To make things worse this set of tasks can happen literally dozens if not a hundred times for a given web page, just imagine that processes being repeated for every resource (images, JavaScript, etc.) listed in the initial document.

Web developers have made an art out of optimizing content so that it can be served quickly but often forget about impact of the above, there are lots of things that can be done to reduce the time users wait to get to your content and I want to spend a few minutes discussing them here.

First (and often forgotten) is that you are dependent on the infrastructure of your CA partner, as such you can make your DNS as fast as possible but your still dependent on theirs, you can minify your web content but the browser still needs to validate the certificate you use with the CA you get your certificate from.

These taxes can be quite significant and add up to 1000ms or more.

Second a mis(or lazily)-configured web server is going to result in a slower user experience, there are lots of options that can be configured in TLS that will have a material impact on TLS performance. These can range from the simple certificate related to more advanced SSL options and configuration tweaks.

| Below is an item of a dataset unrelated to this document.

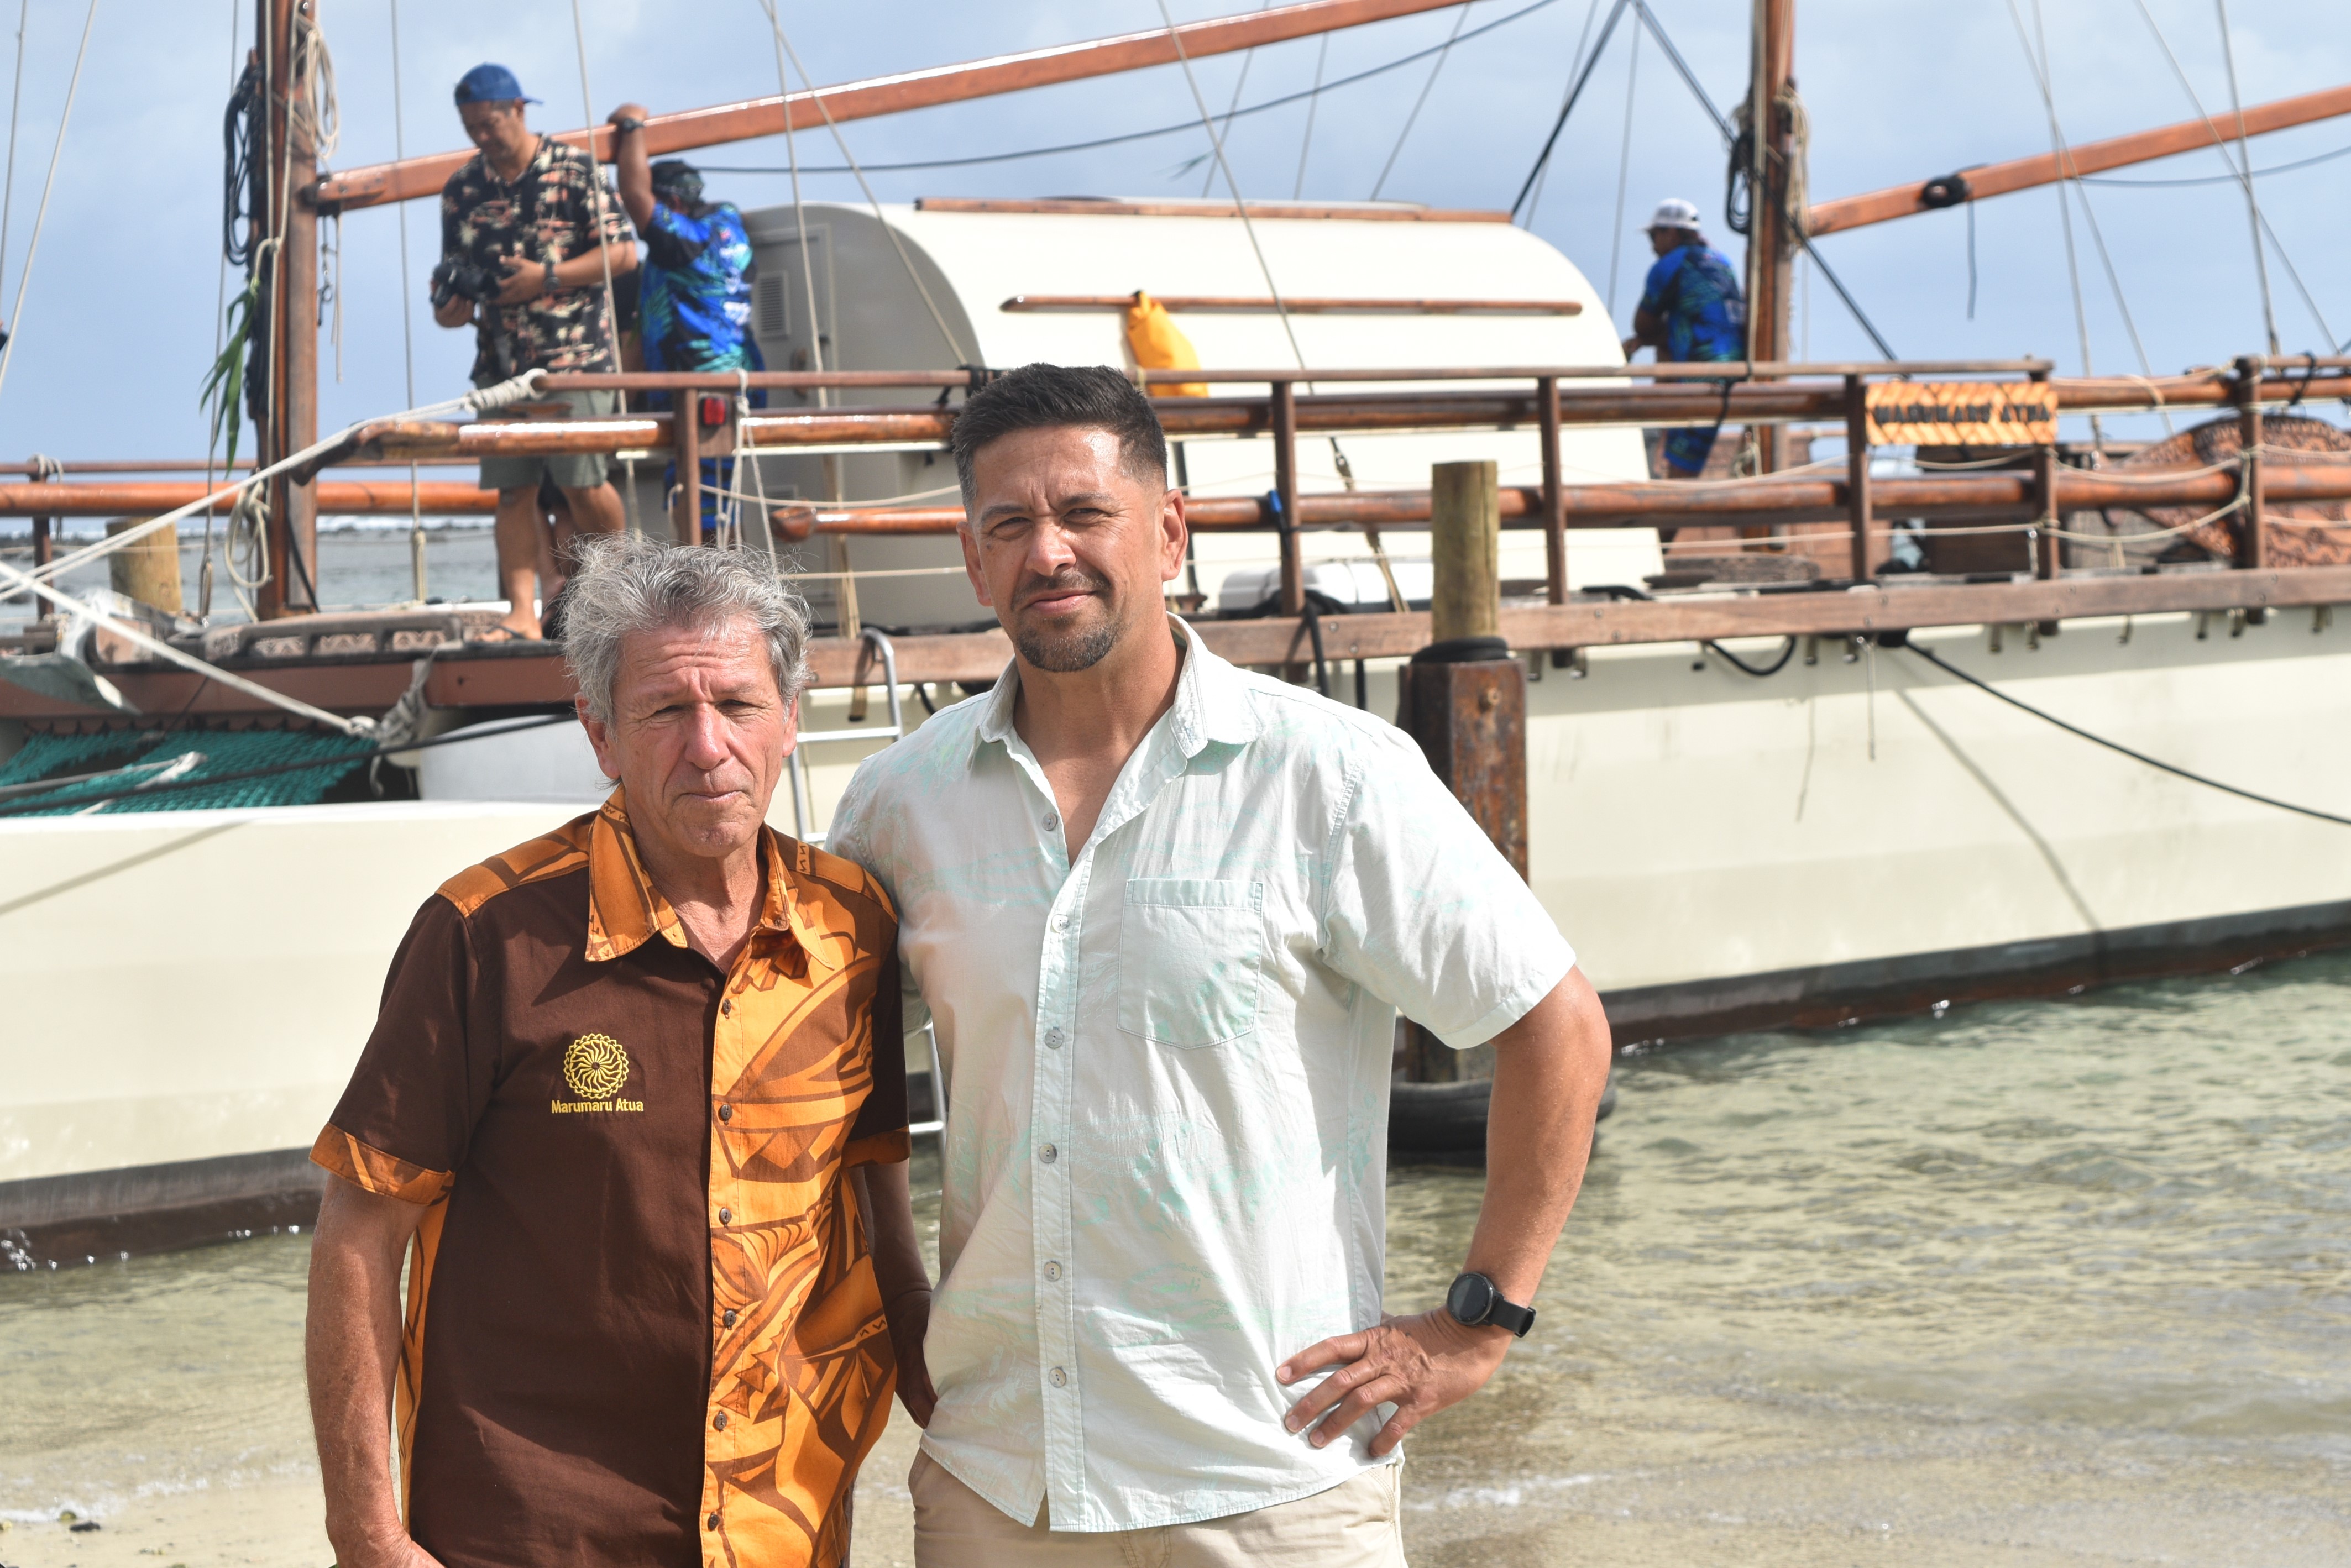 Cook Islander finds dream job on luxury yachts

Finally simple networking concepts and configuration can have a big impact on your SSL performance, from the basic like using a CDN to get the SSL session to terminate as close as possible to the user of your site to the more advanced like tuning TLS record sizes to be more optimum.

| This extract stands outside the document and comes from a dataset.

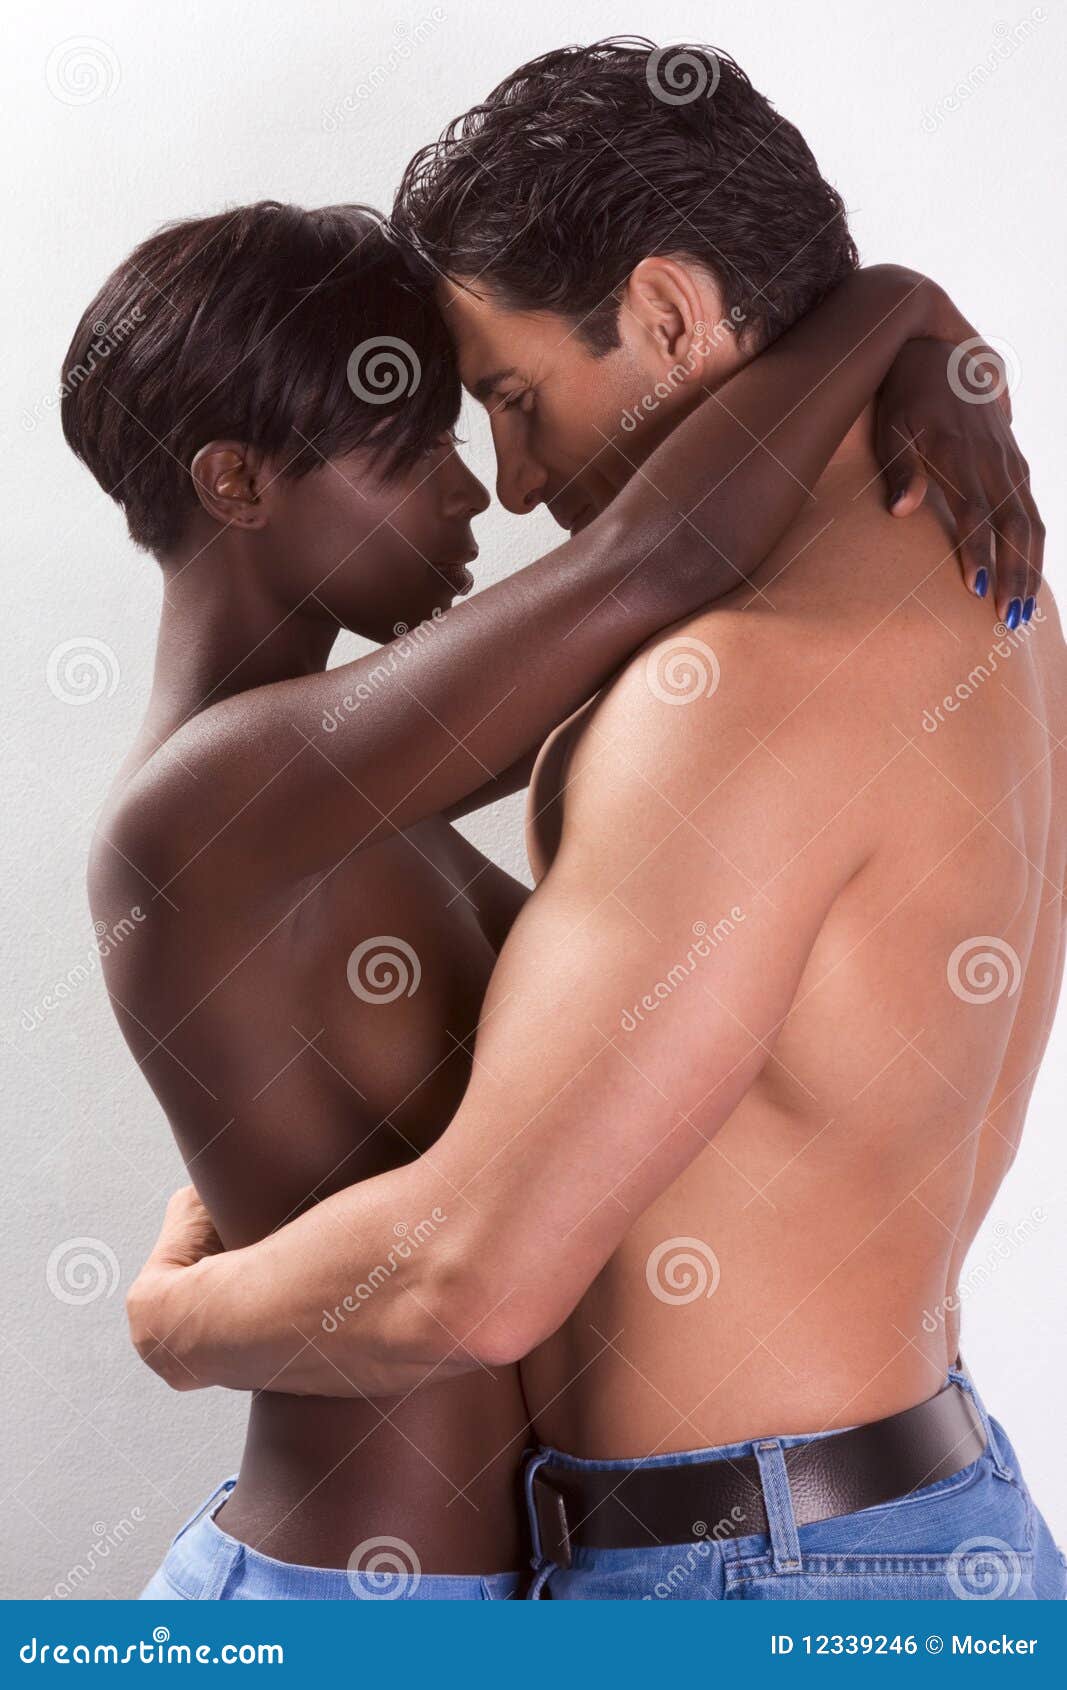 Best of Naked women with black men

Over the next week or so I will be writing posts on each of these topics but in the meantime here are some good resources available to you to learn about some of these problem areas:

Reading ocspreport and crlreport at x509labs.com

As you may know I have been hosting some performance and up-time monitors at: http://ocspreport.x509labs.com and http://crlreport.x509labs.com.

I started this project about six months ago when I walked the CAB Forum membership list, visited the sites of the larger CAs on that list, looked at their certificates and extracted both OCSP and CRL urls and added them into custom monitor running on AWS nodes.

Later I tried Pingdom and finally settled on using Monitis because Pingdom doesn’t let you control which monitoring points are used and doesn’t give you the ability to do comparison views. That said as a product I liked Pingdom much better.

As for how I configured Monitis, I did not do much — I set the Service Level Agreement (SLA) for uptime to 10 seconds which is the time required to be met by the CABFORUM for revocation responses. I also selected all of the monitoring locations (30 of them) and set it loose.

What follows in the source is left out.